I know I speak for many agents when I say that there is nothing more frustrating than talking to a non-publishing attorney who requests changes that either a) don’t make sense, b) defeat the point of an agent have an agency agreement to begin with or, c) ask for the moon which an agent would never give.

However, if a request is reasonable, most agents are open to negotiating.

Have I made changes to my agency agreement? Certainly but I rarely do nowadays. Why? Because over the years, several authors have made requests for changes that made so much sense, I decided to include the rewritten clause as standard in my agency agreement. Currently I have an agreement that is fair and balanced for both parties and all the terms are clearly spelled out.

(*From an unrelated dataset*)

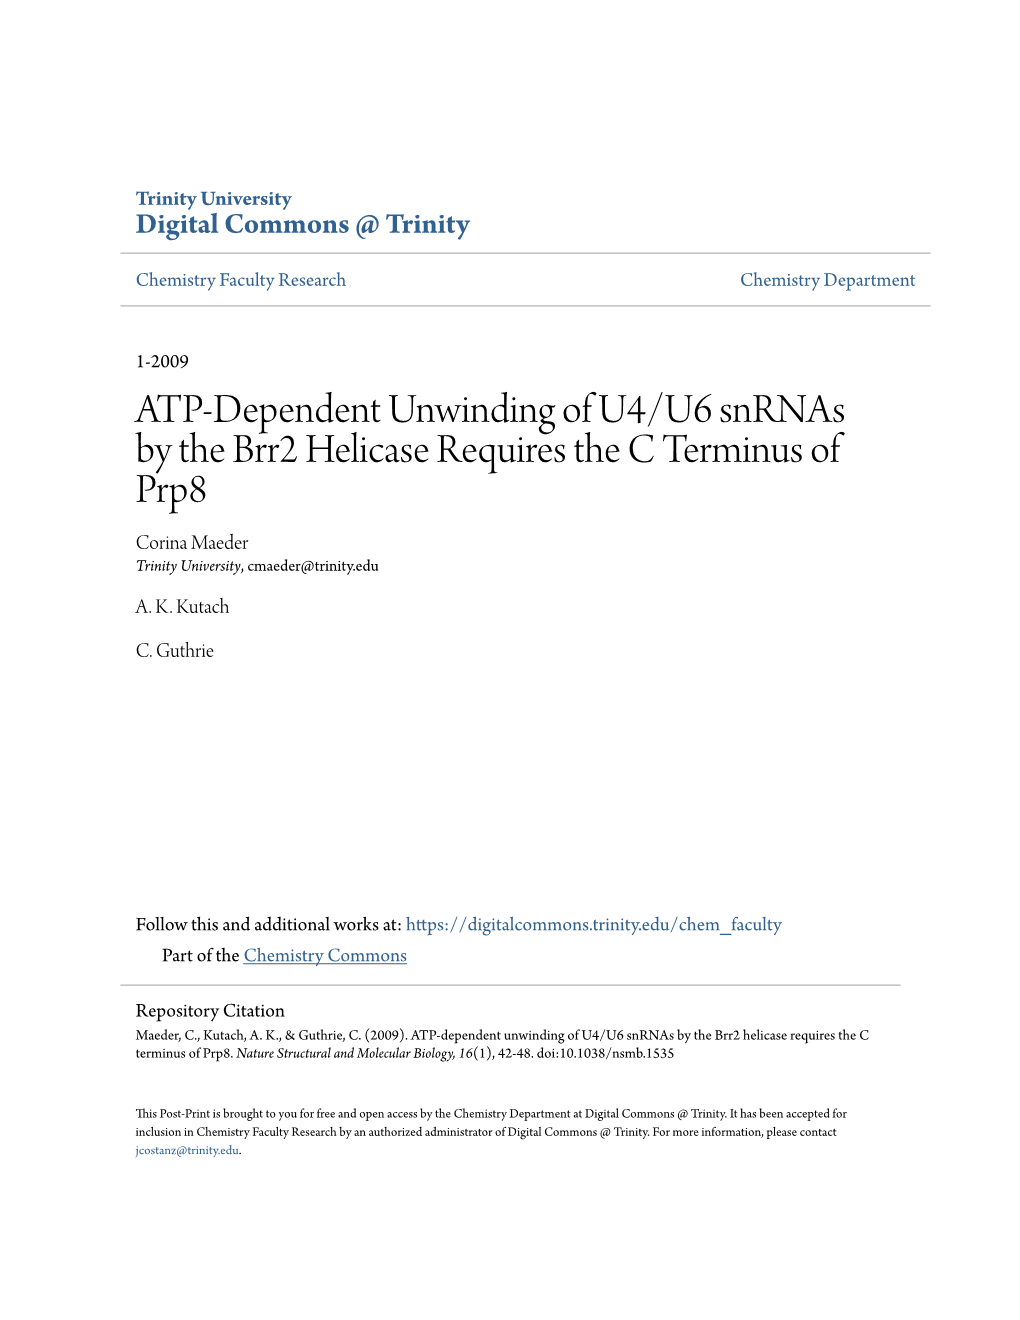 ATP-Dependent Unwinding of U4/U6 Snrnas by the Brr2 Helicase Requires the C Terminus of Prp8 Corina Maeder Trinity University, Cmaeder@Trinity.Edu
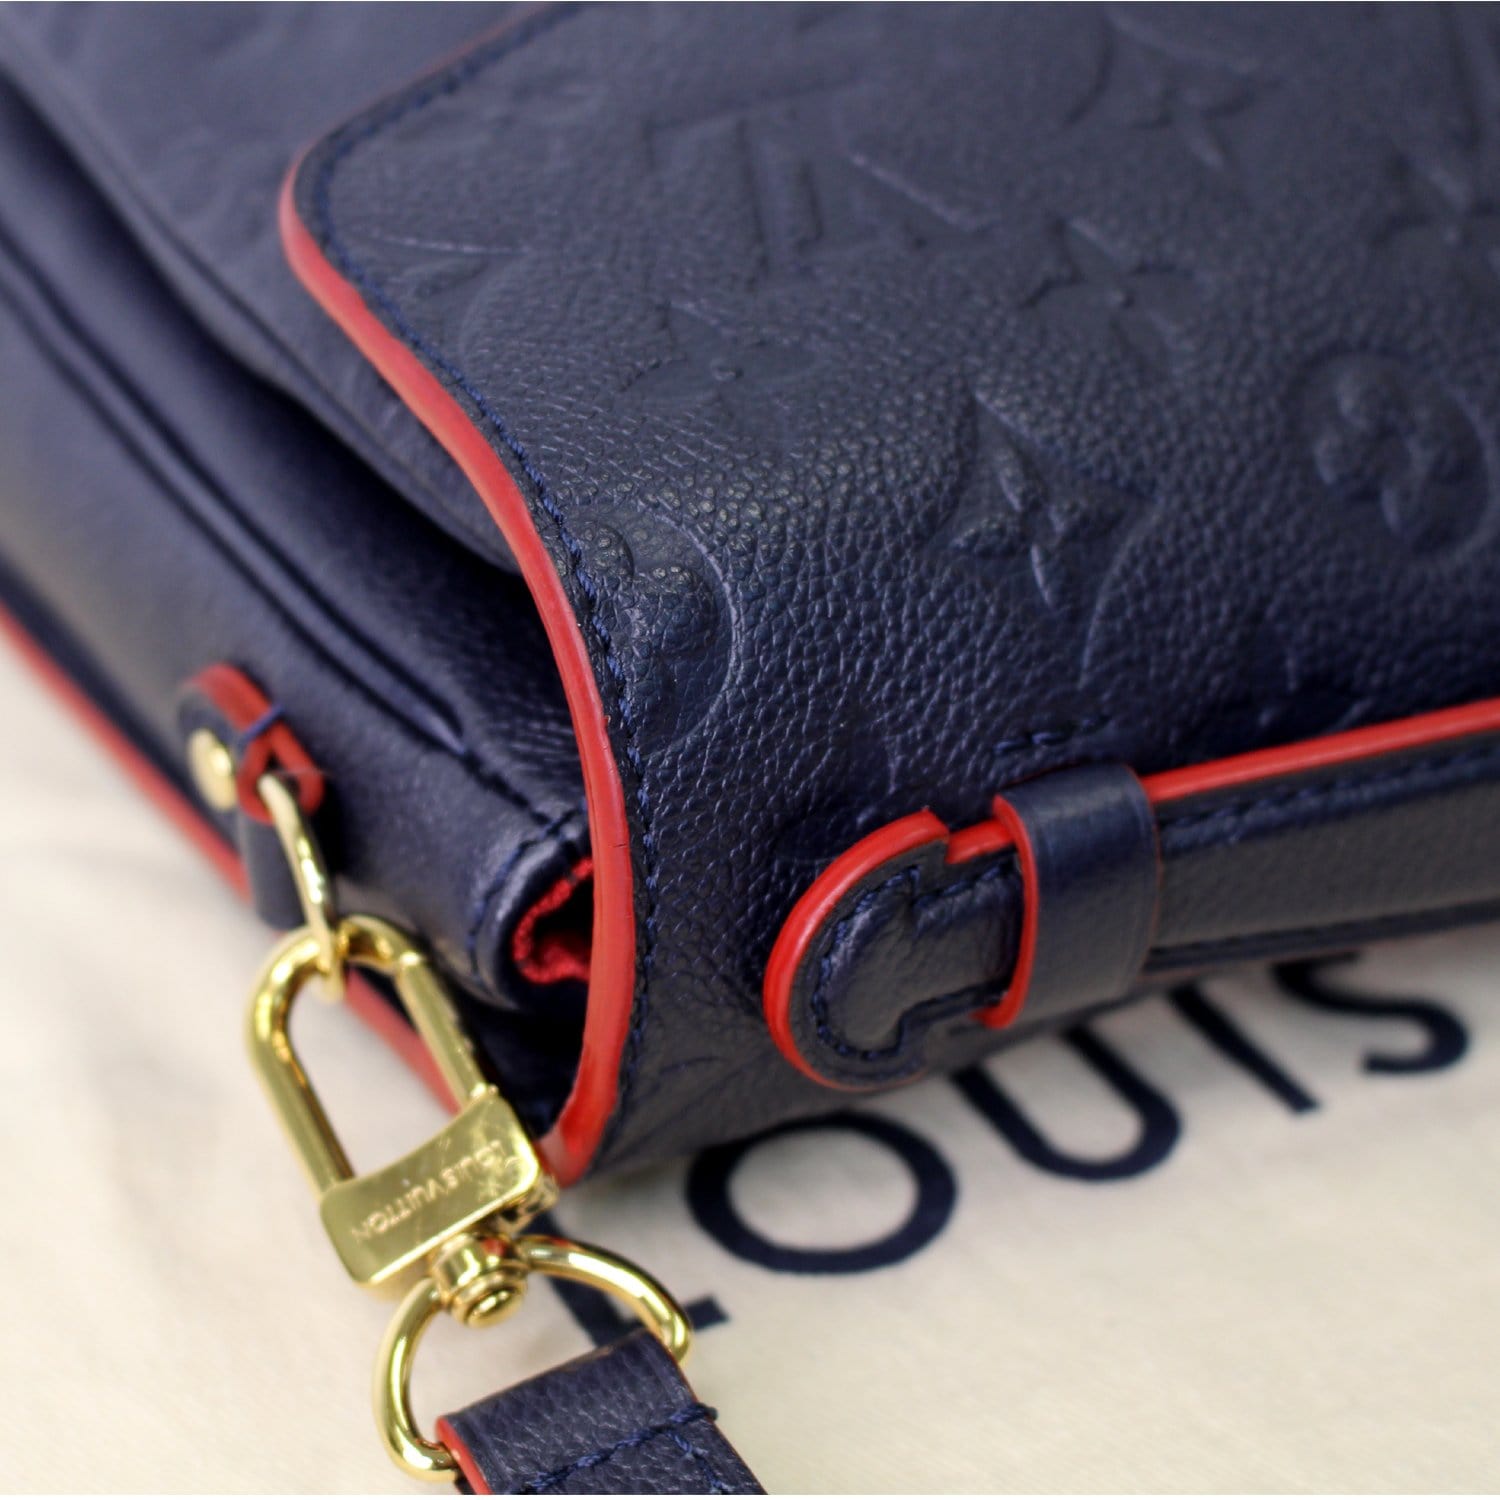 Metis cloth crossbody bag Louis Vuitton Blue in Cloth - 35584639

But if they aren’t, be sure to ask questions. Most agents don’t mind explaining what the clauses mean.

And if you aren’t sure whether a contract is fair or balanced, then why not ask a knowledgeable publishing attorney to ease your mind?

Just remember, not any old lawyer will do.

You—As Agent Journalist

STATUS: Doing lots of editing for client material this week (and trying to read sample pages/fulls at night). Also putting the finishing touches on the February eNewsletter. It’s going out this week.

What’s playing on the iPod right now? BACK WATER BLUES by Dinah Washington

I promised I would talk about Qs to ask an agent if you get THE CALL. I think you can pick and choose what’s most important to you but here are some questions I received recently when I offered representation.

First off, I think you should always ask for a copy of the agency agreement. Most of your questions will probably be answered in that document. If an agent operates without one, you’ll want to ask about termination, whether the agency holds rights into perpetuity, how they handle expenses etc. Otherwise, your conversation is more than likely going to encompass how the relationship will operate.

And Blog readers, if you want to add suggestions in the comments, go for it. And I’m not going to state obvious Qs like how long have you been in the biz, recent sales, and if you are an AAR member. That’s all stuff you SHOULD know before querying the agent.

1. If it’s a big agency, ask who will be handling your work. Assistants are great but they should be assisting, not doing all the work.

2. How do you communicate with your clients?

3. How will I be kept informed of the status of my work?

4. How long does it take you to edit a project and how involved are you in the editing process?

5. Do you have co-agents for foreign rights and Hollywood?

6. Do you consult with clients on any and all offers?

7. How do you prefer to handle future projects? Should I run ideas by you first or can I simply write?

8. What if you don’t want to handle a project? What happens then?

9. What kind of career guidance do you offer?

And then you might want to track other indicators. For example, does the agent suggest that you talk with his/her current clients? What’s your gut feeling during the call? Do you feel you connected with the agent–and in whatever way you define “connection.” For some people, it’s a business so does this person feel like he/she will take care of business? For other writers who want more hand-holding, do you feel that needed emotional connectivity that makes you comfortable?

That about covers it—until I remember a prime question I should have included!